In these discussions it seems to me that people are really talking about totally different things without realizing it. Some are talking about why God did a certain thing, others about what really happened versus what parts of the story were changed since, and still others about why religions make this stuff up, i.e. how these stories benefit the religion. This last group can be positive like Joseph Campbell or negative like, well, like me.
I see religion as an entirely human method of controlling people. From this perspective, all the clothes, holy books, tenets, rituals and other aspects of religion are strands of a web that accomplishes nothing more than cocooning the victim’s mind in a soft, but phony, pseudo-reality that hands over her or his political authority to the religion and its ministers. It is so effective at this that its very effectiveness is more than sufficient to explain the entire activity outright. History is still waiting for a GOOD reason to believe it, and has been for a long time.
fecal_nugget’s original allegation seems clear but leaves murky the core of his/her argument. Is he/she saying:
- God exists, and is a prick, and that’s disturbing.
- God exists, but this story is false, because that would make God a prick, and I don’t believe that about him.

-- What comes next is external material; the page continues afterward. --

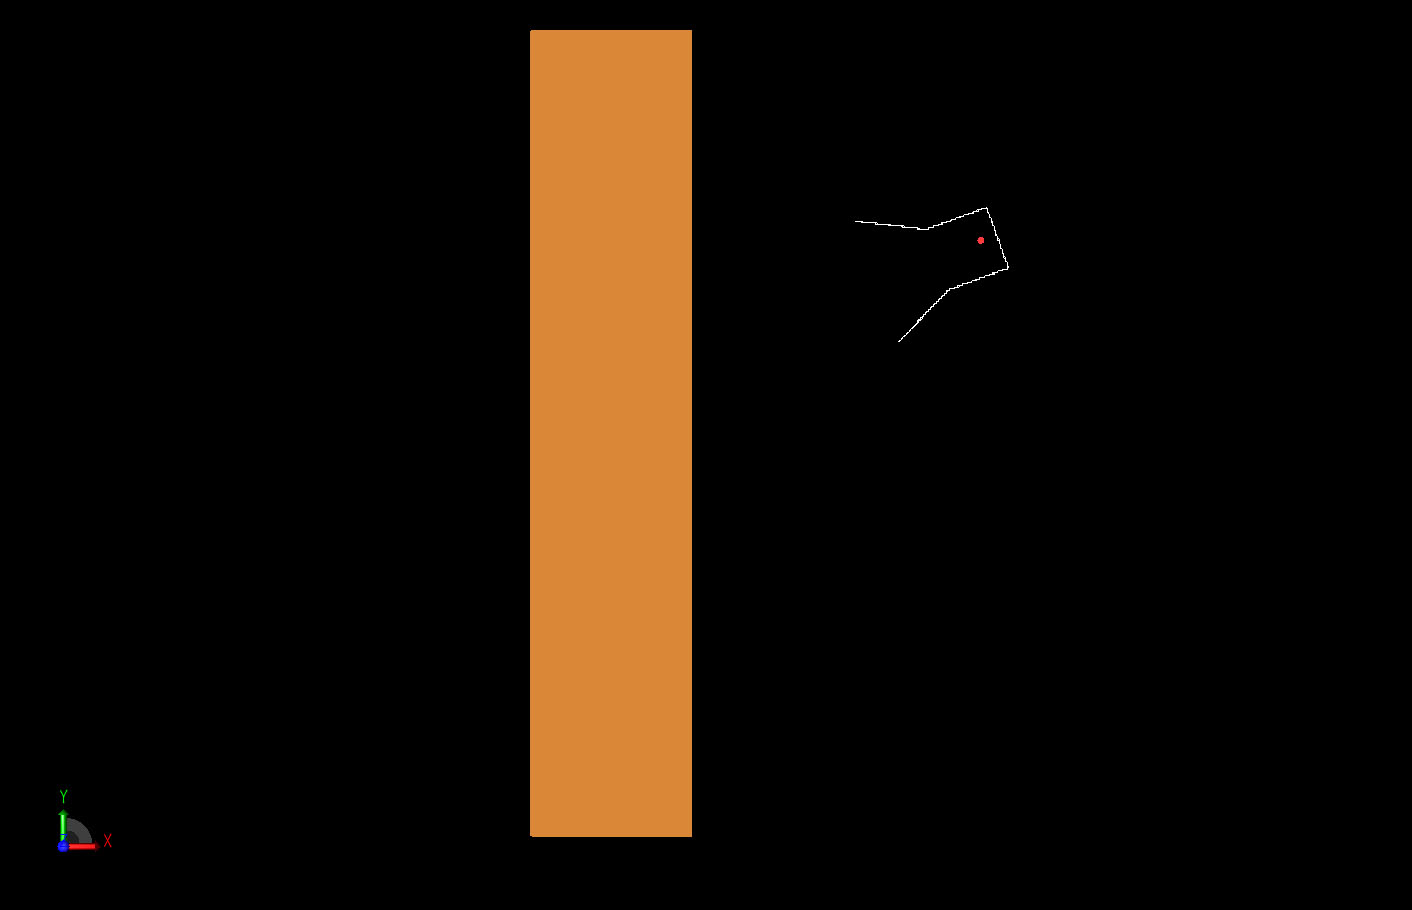 Figure 1The basic two-dimensional geometry of the material slab and the tilted horn radiator.

- God may not exist, this story (and possibly the rest of the bible) is false, because it would make God a prick.
…or some other interpretation?
Personally I believe option 3, Nonsensical Biblical Story Helps Discredit Entire Religion, but that’s just me.
Anyway, this confusion covers up fecal_nugget’s thesis, which I summarize this way. When God told them not to eat of the tree of knowledge, wasn’t that a moral injunction? If good and bad are defined as what God says to do and not to do, then Adam and Eve were already under a moral injunction when they supposedly didn’t have the moral sense.
The Christian religion claims that morality is simply the difference between obeying God and not obeying God. To disobey God has the exact same meaning as “to sin” according to this view. But Adam ate the apple when he had no knowledge of sin, yet God still punished him as though he had. This is indeed an error on God’s part, if God is just. So God is either not just or makes mistakes. QED, God is not perfect, and Judeo-Christianity dissolves in the dust of Yet-Another-Absurdity. Well done, fecal_nugget.
Of course, what it really proves is that the real author of the bible didn’t notice that he was assuming a prior moral sense to the one given by God through the tree of knowledge. It reveals the author as human.
And Alessan, He may be subtle, but He still punished two people for an act committed when they had no moral sense. Whether he knew all along that that would happen is irrelevant. It still proves that the God of Genesis cannot be perfect as advertised, and so cannot exist as stated.